Commercial Bank of Africa (CBA) was a financial services provider headquartered in Nairobi, Kenya, the largest economy in the East African Community. CBA was licensed by the Central Bank of Kenya, the central bank and national banking regulator.

, the bank was one of the largest commercial banks in Kenya with assets of approximately US$2.166 billion (KES:215.6 billion), with shareholders' equity of approximately US$217.83 million (KES:21.68 billion). It was the largest privately owned commercial bank in Kenya.

History
The bank was founded in 1962 in Dar es Salaam, Tanzania.
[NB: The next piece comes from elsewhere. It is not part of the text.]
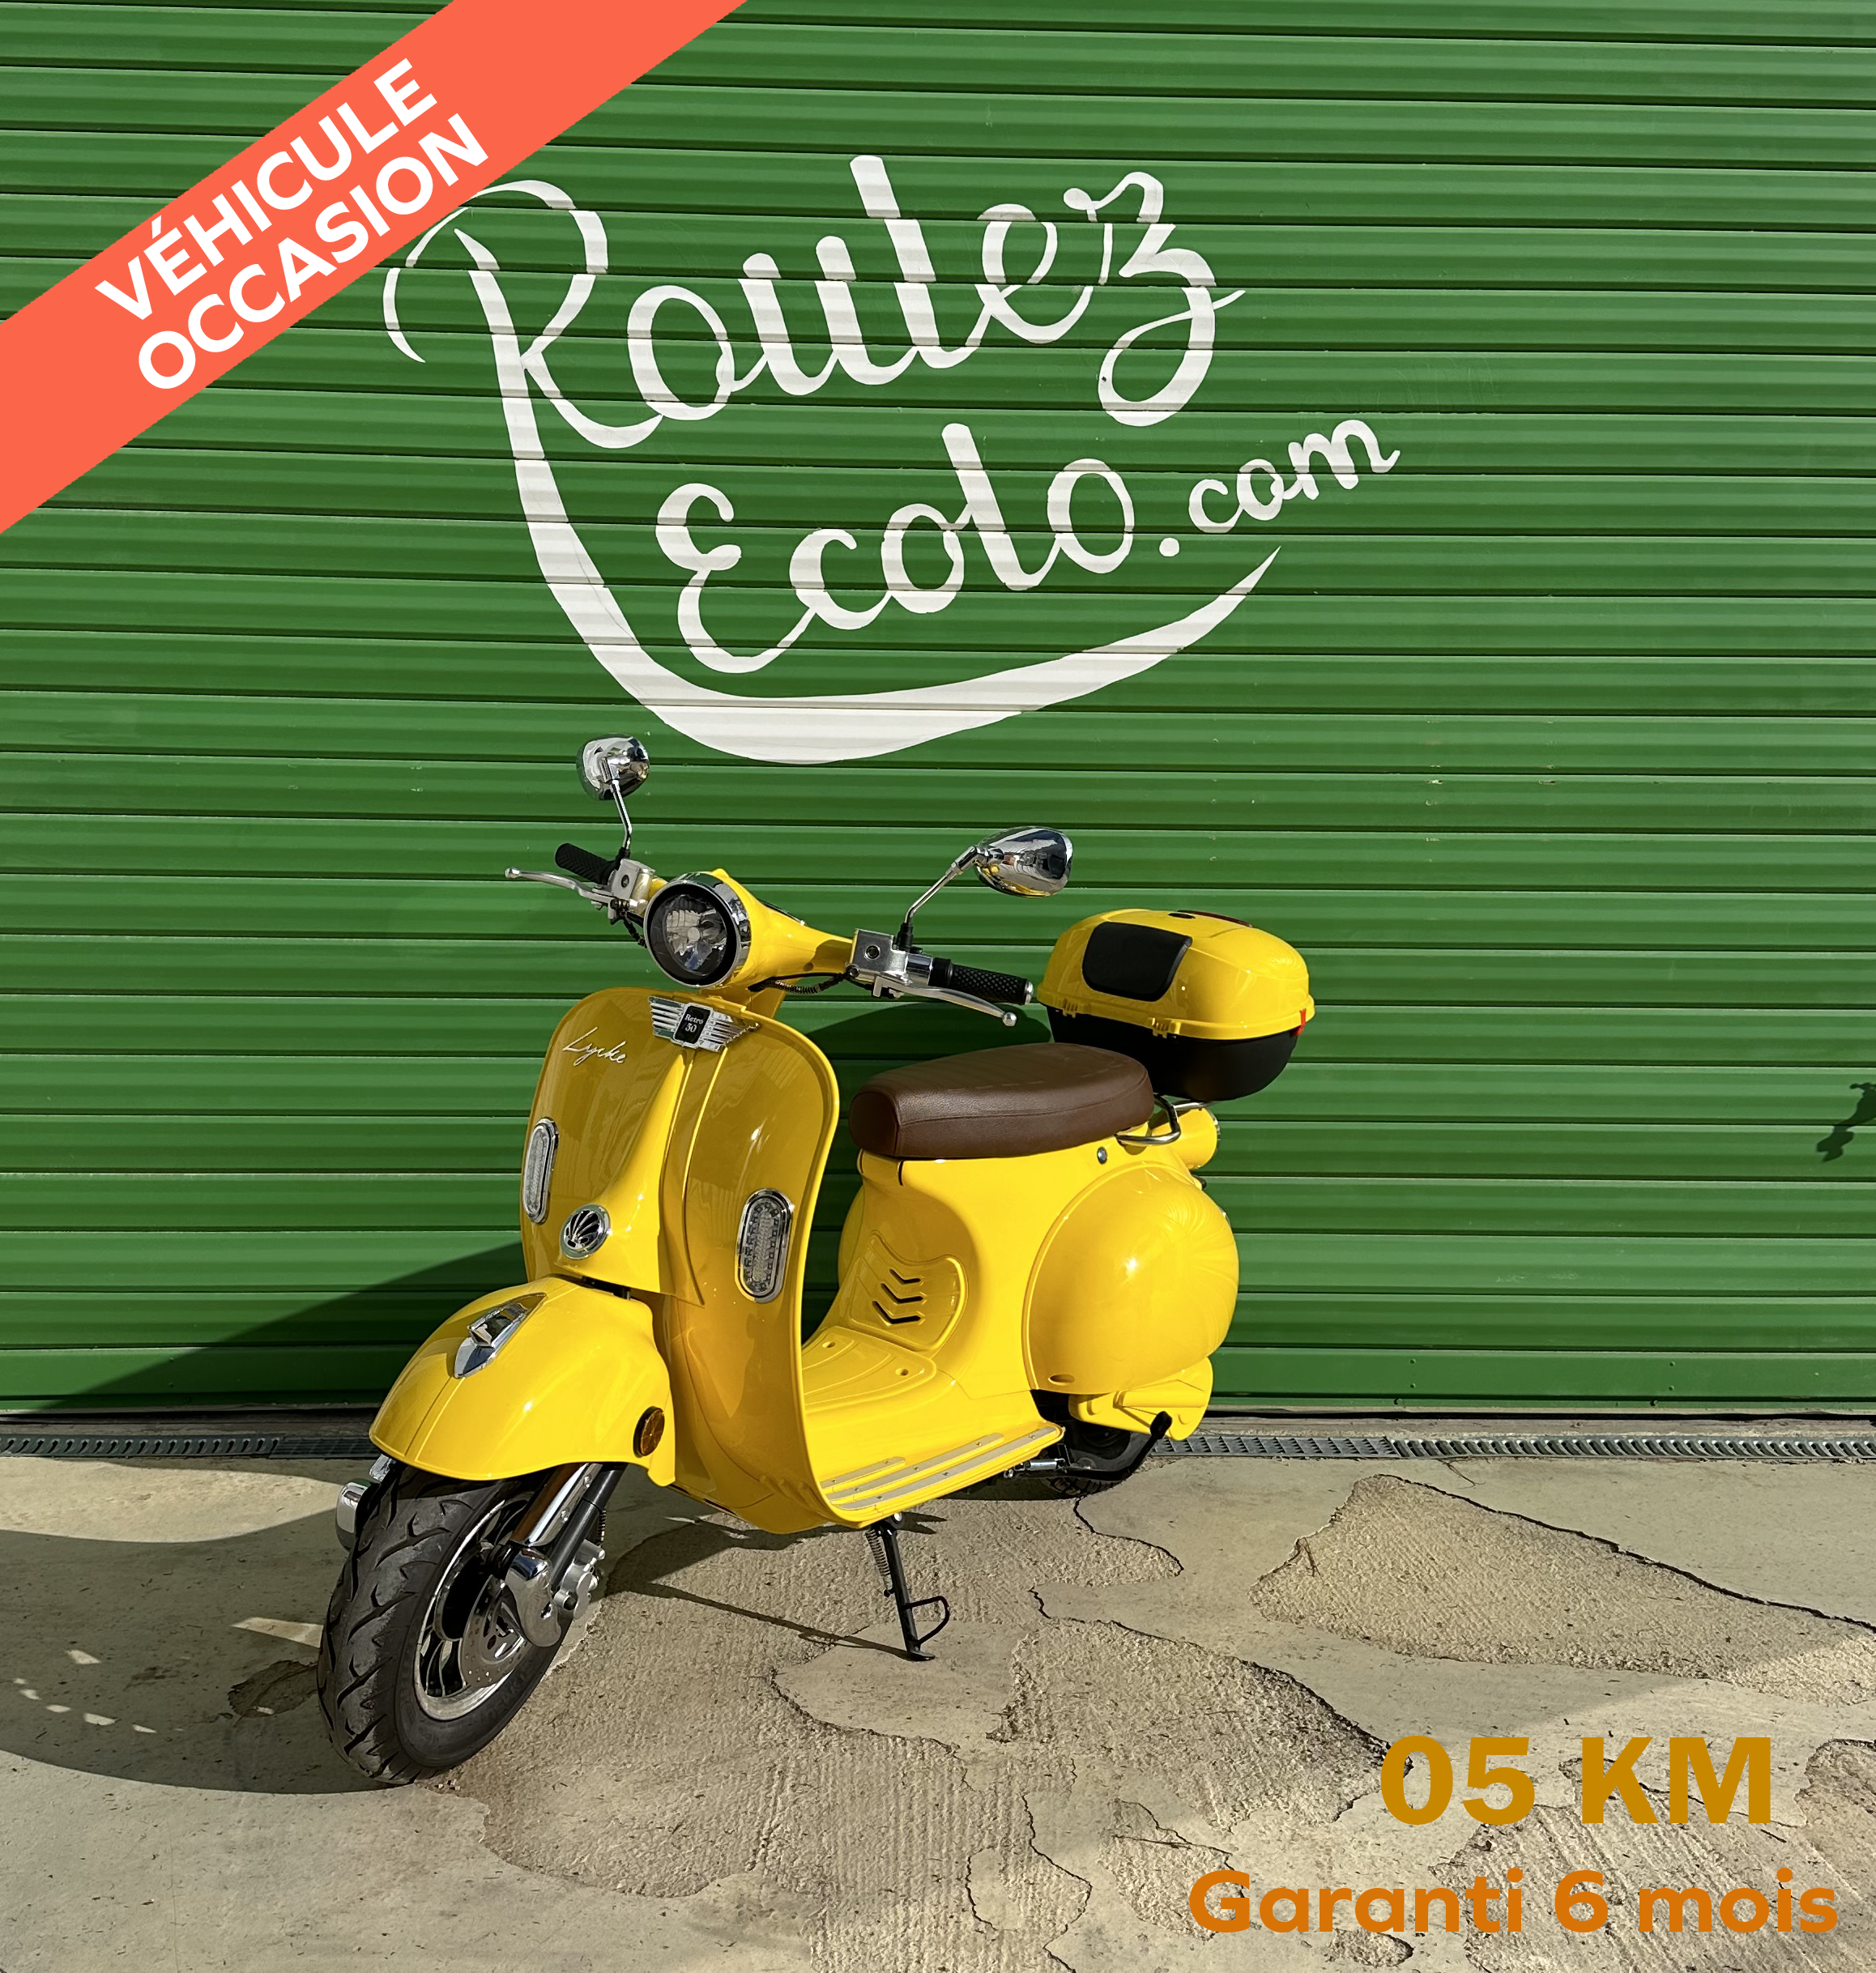 Scooter électrique Retro50 -Occasion 05 km
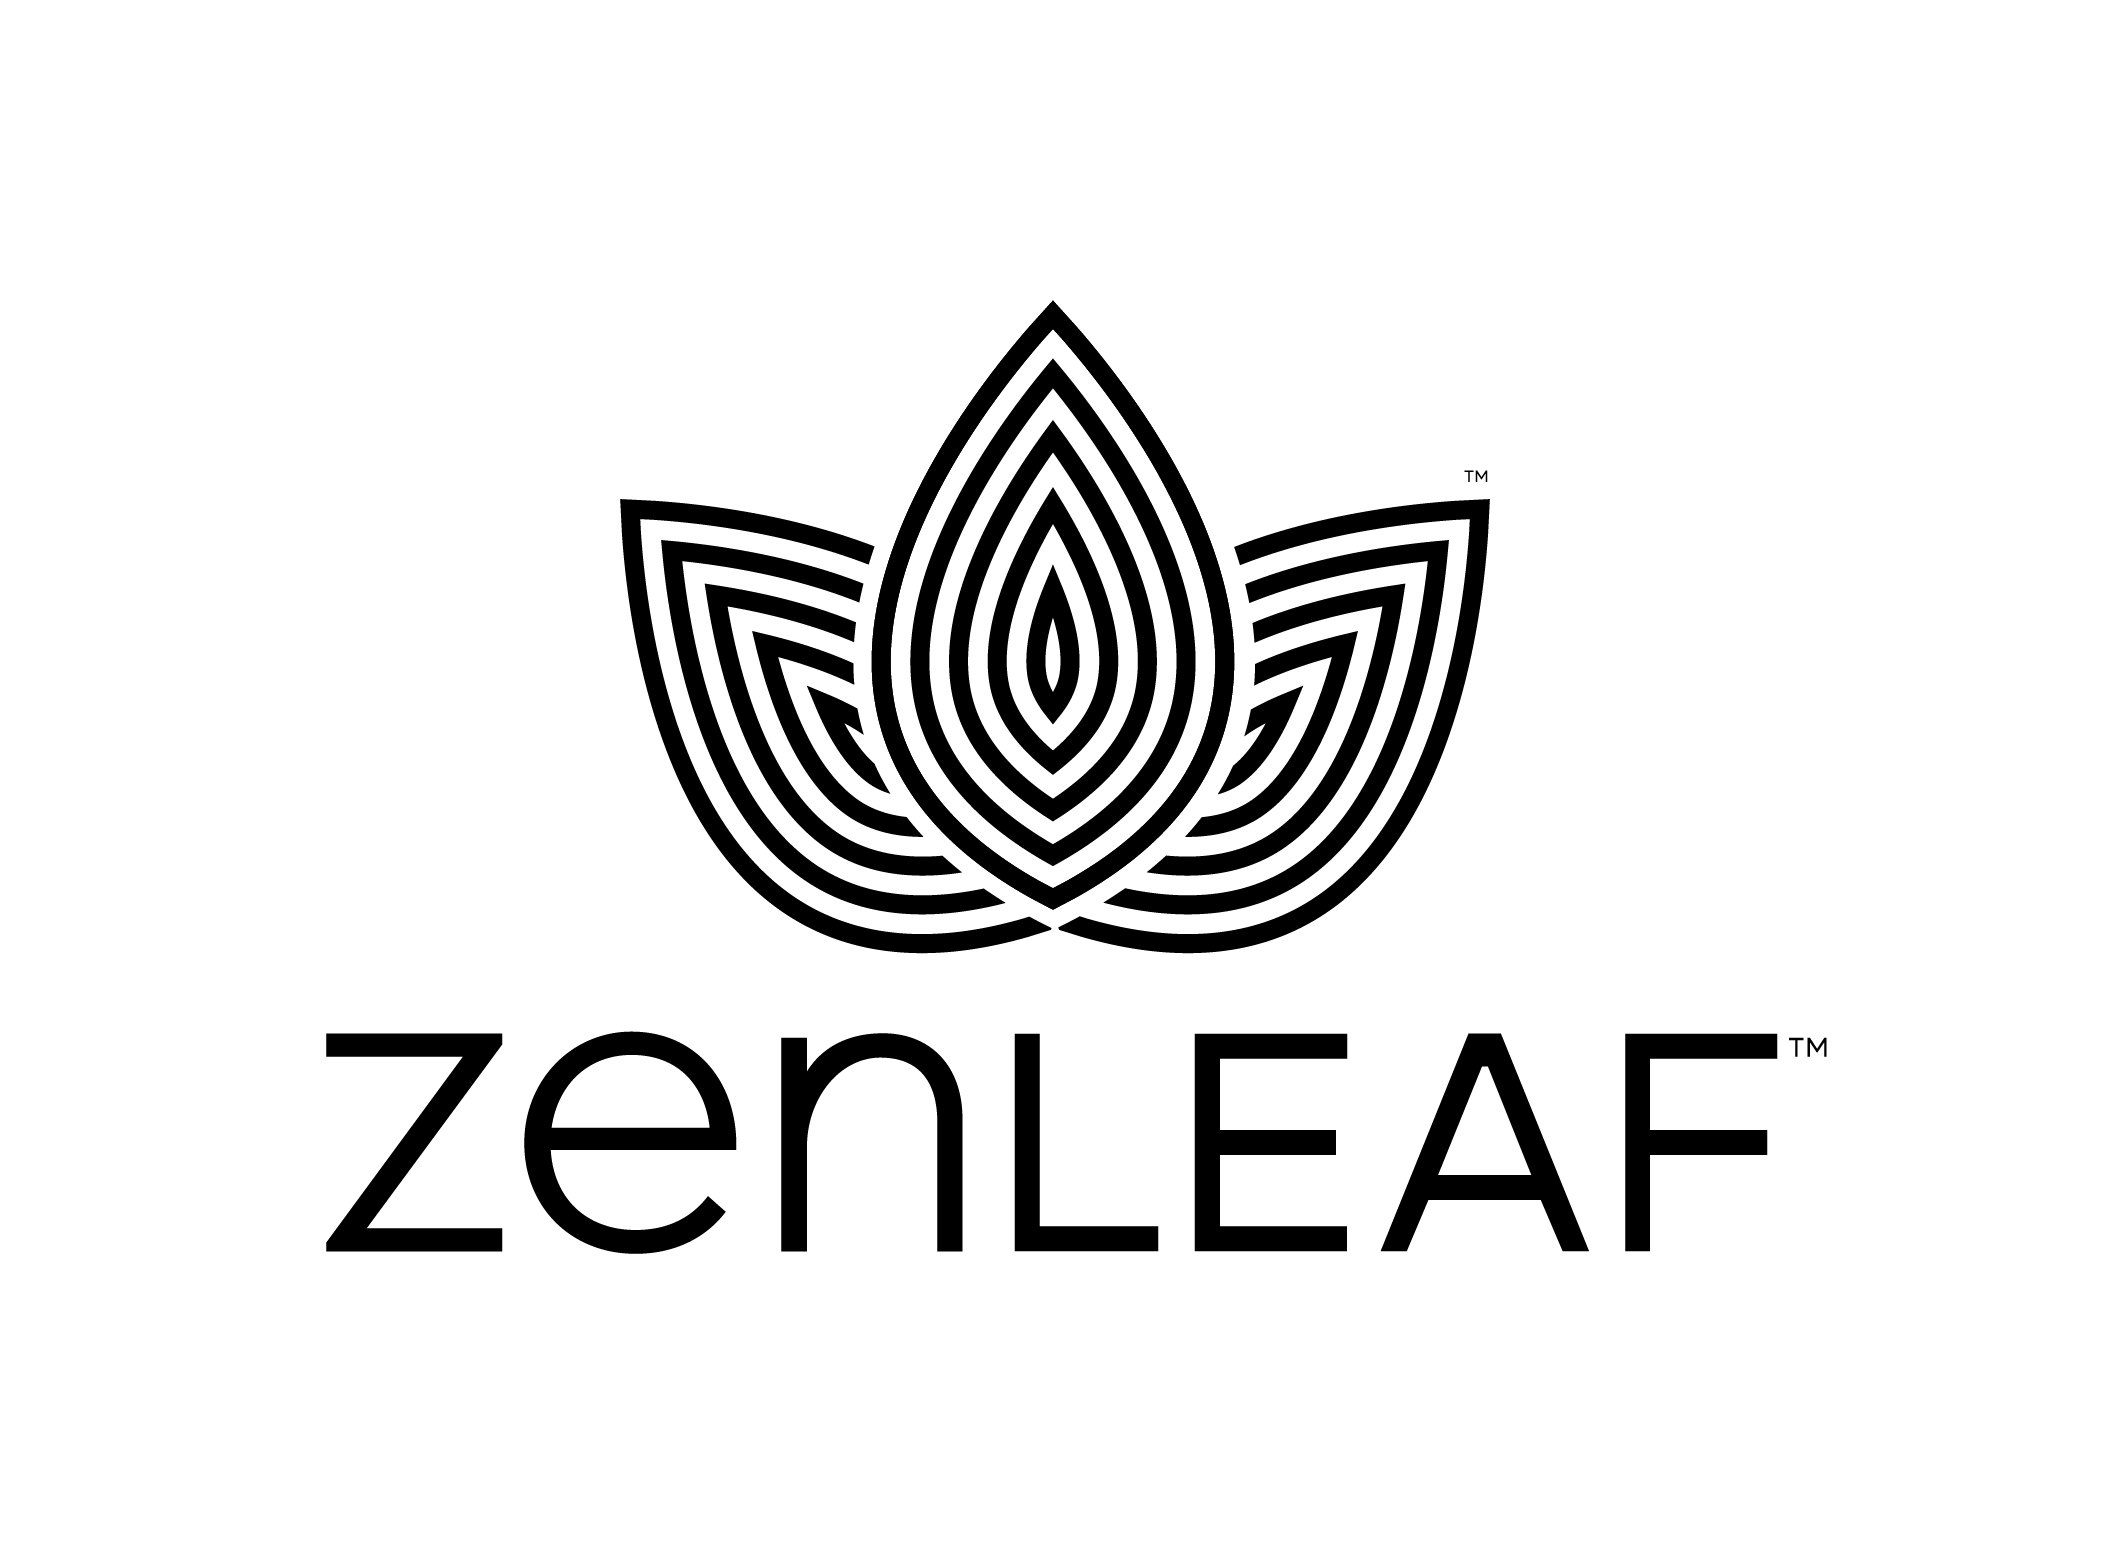 Zen Leaf Towson

Soon, branches were opened in Nairobi & Mombasa, Kenya and in Kampala, Uganda. When Tanzania nationalised private banks in 1967, the bank moved its headquarters to Nairobi. Following political changes in Uganda in 1971, the bank sold its assets in that country.

At the beginning, CBA was owned by a consortium of financial institutions known as Société Financière pour les Pays d'Outre-Mer (SFOM), based in Switzerland. Original members of the consortium included Banque Nationale de Paris, Bank Bruxelles Lambert, Commerzbank, and Bank of America. In 1980, Bank of America acquired 84% shareholding, effectively buying out all the other SFOM partners. Sixteen per cent shareholding in CBA remained in the hands of Kenyan investors. During the 1980s Bank of America divested from the bank, putting 100% shareholding in CBA in the hands of Kenyan nationals.

In December 2018, Commercial Bank of Africa Group (CBA Group) announced that it would be merging with NIC Group creating the Kenya's third-biggest bank. The Transaction was approved by the Kenyan regulators and shareholders in April 2019. On 27 September 2019, the Central Bank of Kenya approved the merger, effective 1 October 2019. Through the merger, the combined group, NCBA Group, was to consolidate their banking business. This led to the transfer of business to one entity renamed NCBA Bank Kenya Limited.

Ownership
Commercial Bank of Africa's ownership is under a shareholding structure. The Kenyatta family controls 24.91 percent of CBA through an investment vehicle called Enke Investments Limited. The table below illustrates the shareholding in the company stock, as of December 2017.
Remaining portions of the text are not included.